ソウル市職員がスパイの罪に問われている控訴審裁判で、検察側が証拠として提出した中国当局のものとされる出入国管理記録について、検察の特別捜査チームは14日、ねつ造されたものであるとして、国家情報院の処長と瀋陽の韓国総領事館の領事2人を新たに公文書偽造などの容疑で在宅起訴しました。

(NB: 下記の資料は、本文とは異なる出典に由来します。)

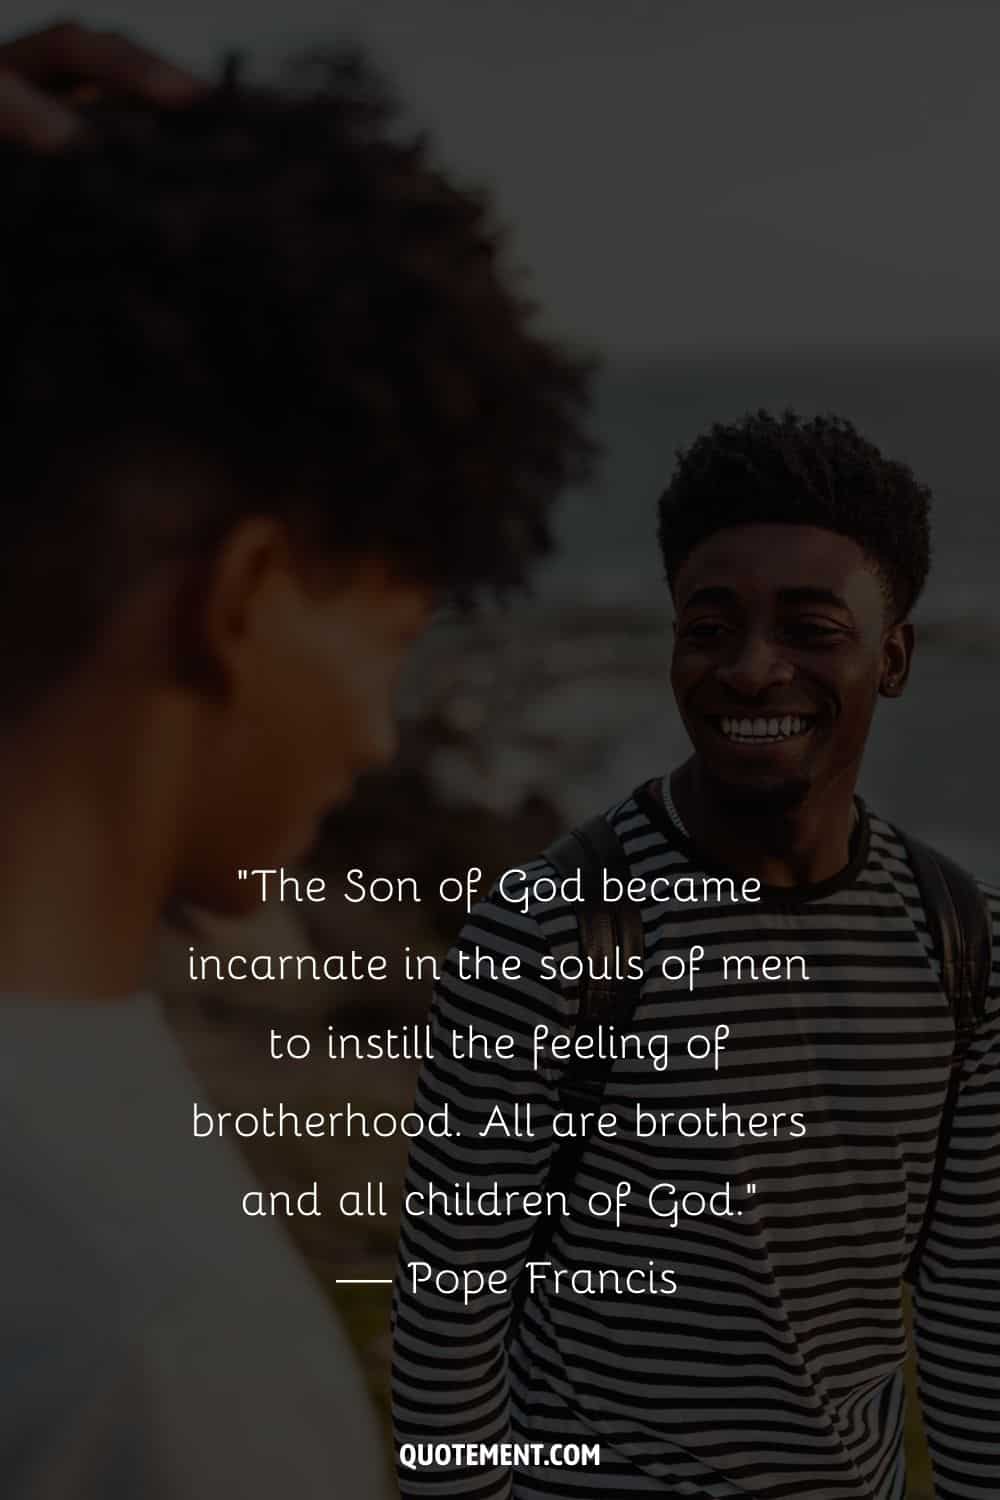 “The Son of God became incarnate in the souls of men to instill the feeling of brotherhood. All are brothers and all children of God.” — Pope Francis

この裁判は、ソウル市職員の脱北男性が北韓に脱北者に関する情報を提供したとして、去年2月にスパイ容疑で起訴され、去年8月の一審で無罪となったのを不服として検察側が控訴し、スパイである証拠として、国家情報院が中国当局から入手したとされる被告男性の出入国管理記録を新たに提出していました。
ところが、この出入国管理記録がねつ造であるとの指摘が出たほか、ねつ造に関与したとして任意で取り調べを受けた中国籍の男性が自殺を図るなど疑惑が深まり、検察の捜査チームが捜査を進めていたものです。

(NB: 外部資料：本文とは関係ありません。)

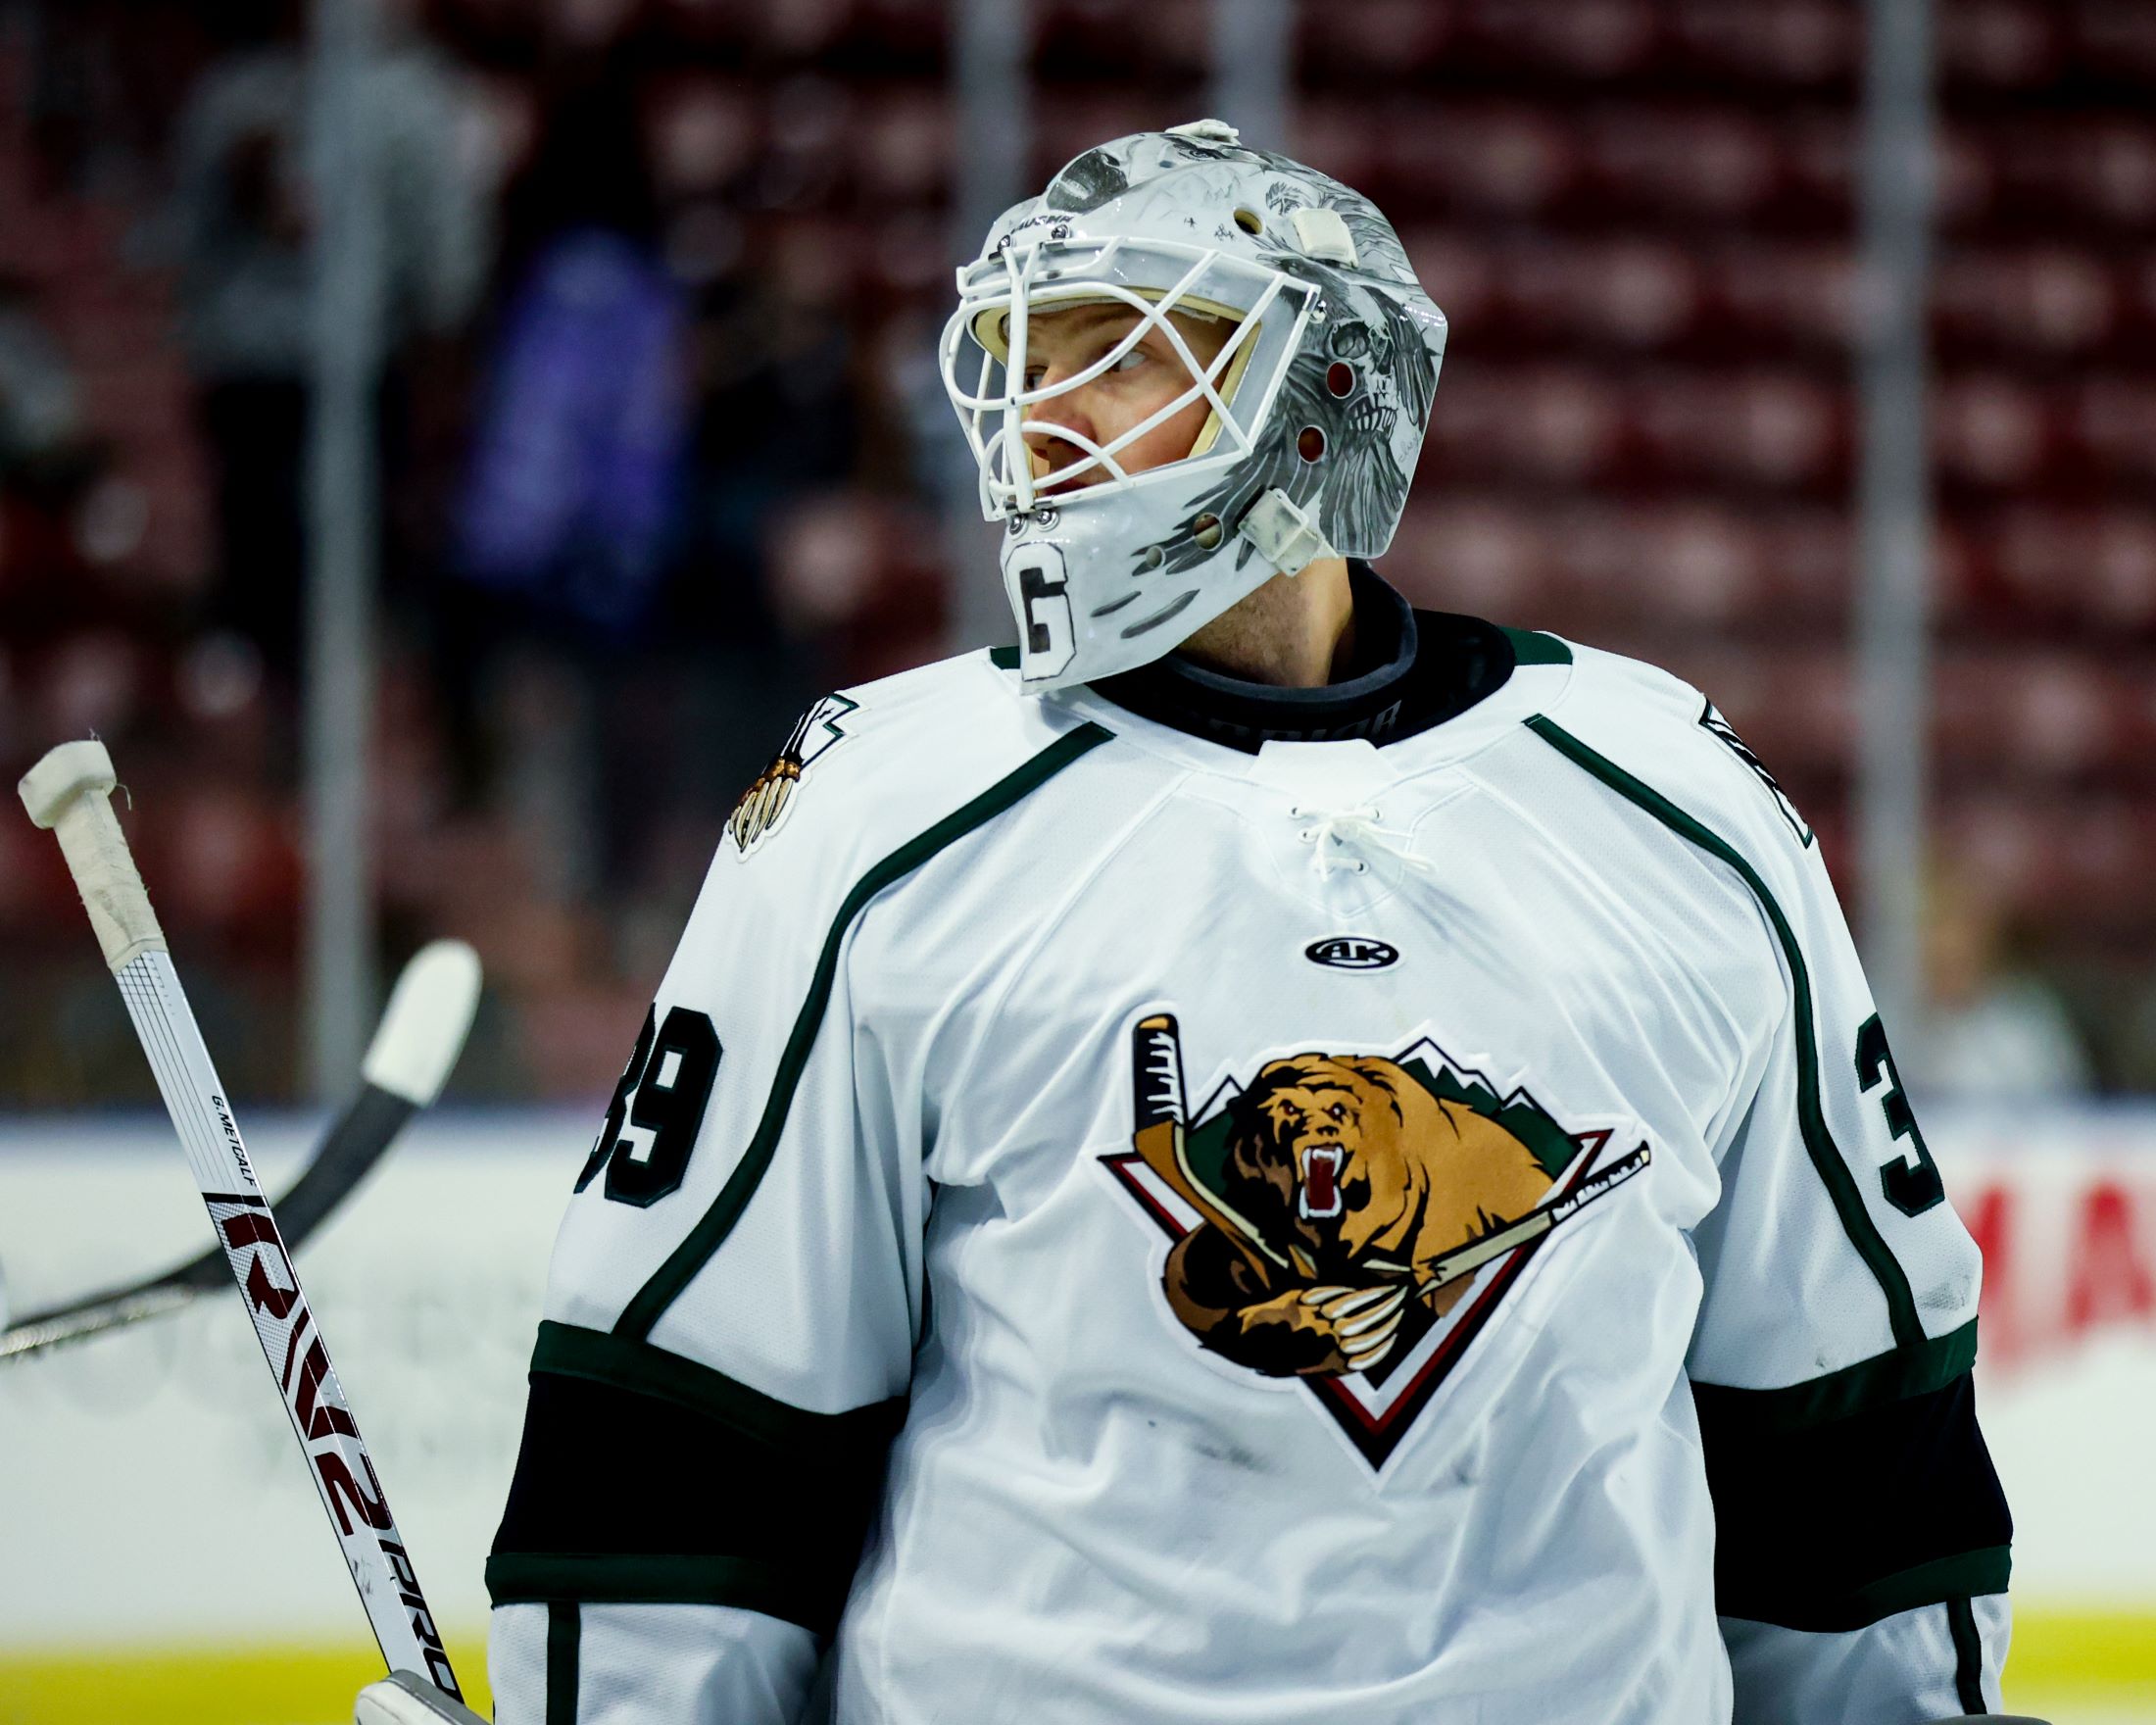 Local hockey player returns home to the Utah Grizzlies

その結果、検察の特別捜査チームでは、14日、国家情報院で北韓関係の捜査を進める54歳の処長が自殺図った被告らと、出入国管理記録を捏造したほか、瀋陽の韓国総領事館の領事がこの記録文書が公正な文書であるとする公文書を偽造したとして、公文書偽造などの容疑で在宅起訴したものです。
今回の疑惑に関連して、現在、国家情報院の課長で瀋陽の韓国総領事館で副領事の男性も任意で取り調べを受けていて、3月にやはり自殺を図っていて、検察では捜査を中断しています。
また、検察の特別捜査チームでは、国家情報院の南在俊(ナム・ジェジュン)院長については、この事件に関与した事実は確認できなかったと説明しています。